• Problem statement: Without any of the pictures, transcribe all the lines below exactly.

• Dataset section:
•••
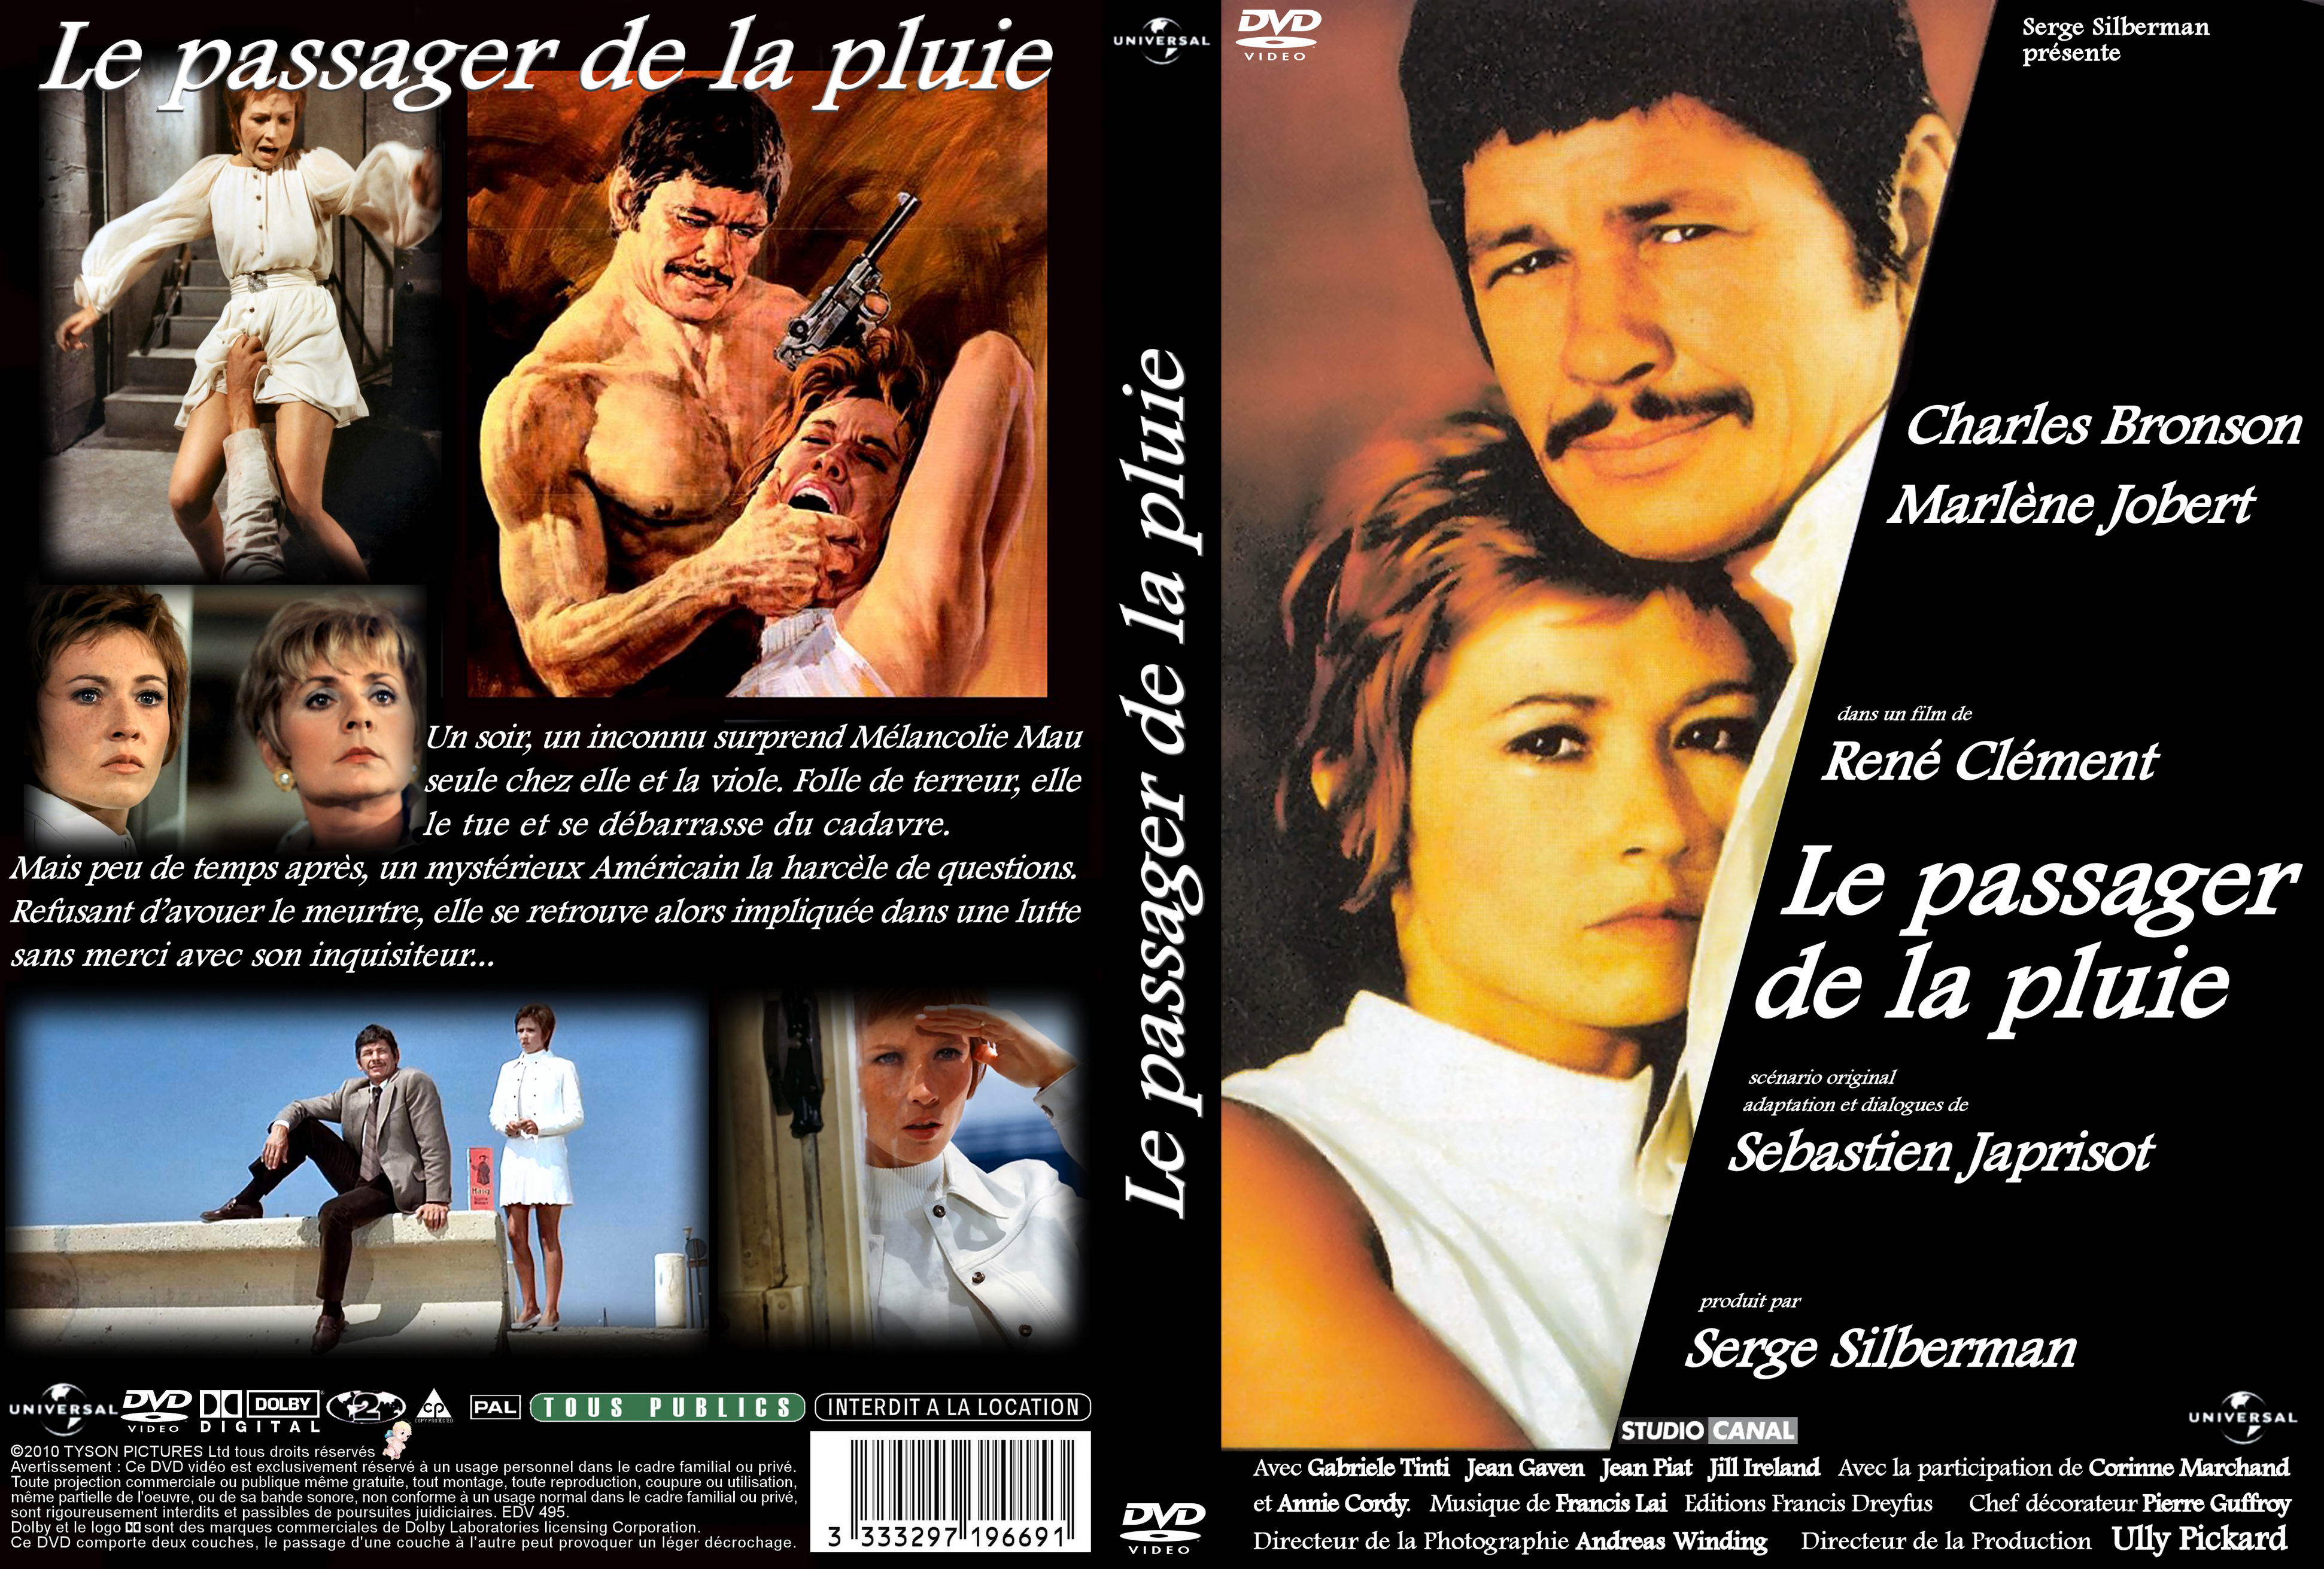 http://www.cinemapassion.com/covers_temp/covers3/Le_passager_de_la_pluie_custom-15213110012011.jpg
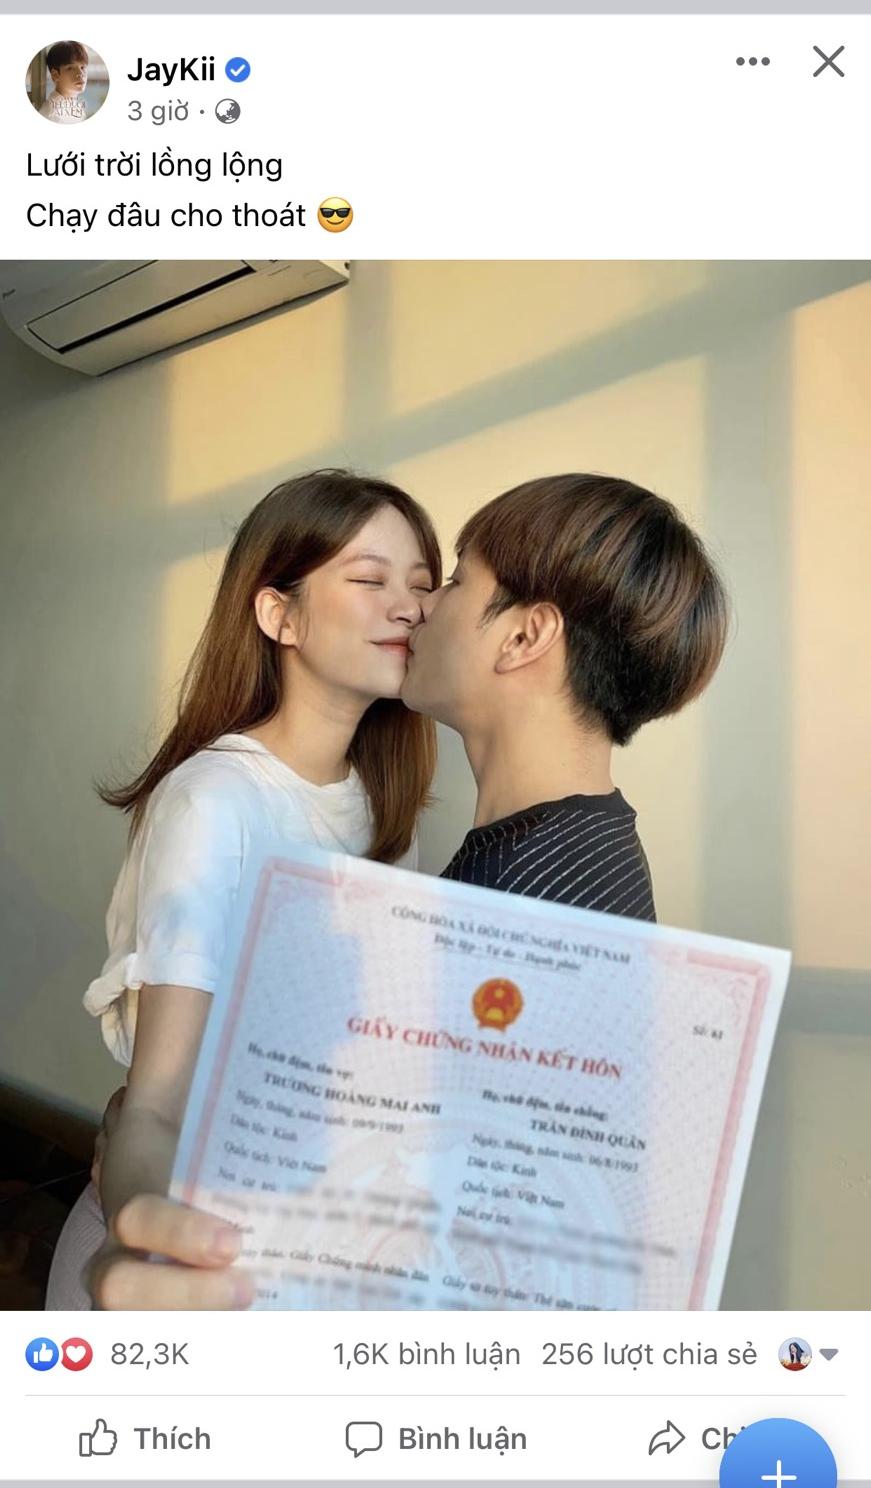 Jaykii khiến dân tình xôn xao khi đăng tải hình ảnh bên bà xã cũng giấy chứng nhận kết hôn sau 1 tháng thông báo có con đầu lòng
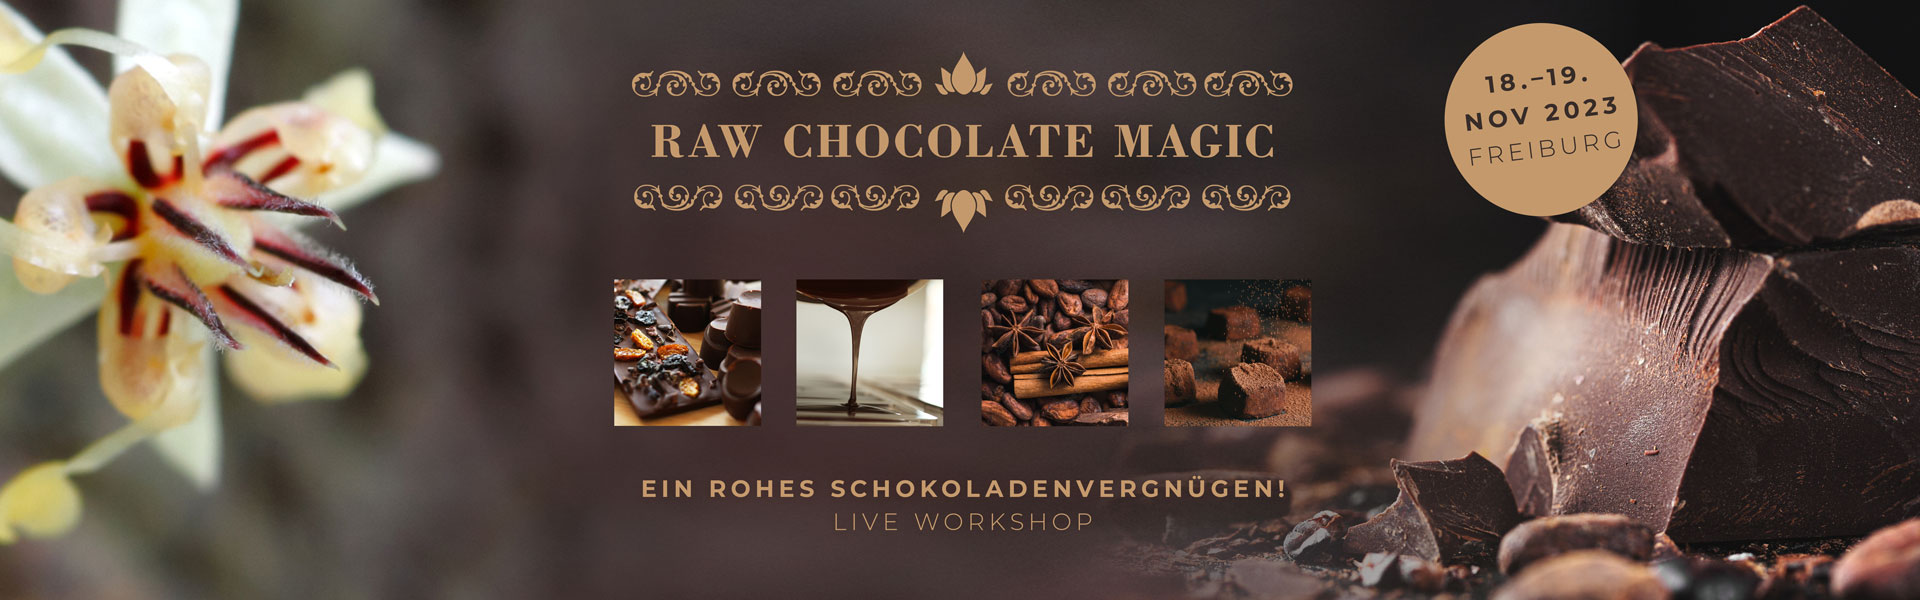 Rohkakao-Schokoladen-Workshop mit Yeshi Choedon in Freiburg
•••
• Solution:
 http://www.cinemapassion.com/covers_temp/covers3/Le_passager_de_la_pluie_custom-15213110012011.jpg
 Jaykii khiến dân tình xôn xao khi đăng tải hình ảnh bên bà xã cũng giấy chứng nhận kết hôn sau 1 tháng thông báo có con đầu lòng
 Rohkakao-Schokoladen-Workshop mit Yeshi Choedon in Freiburg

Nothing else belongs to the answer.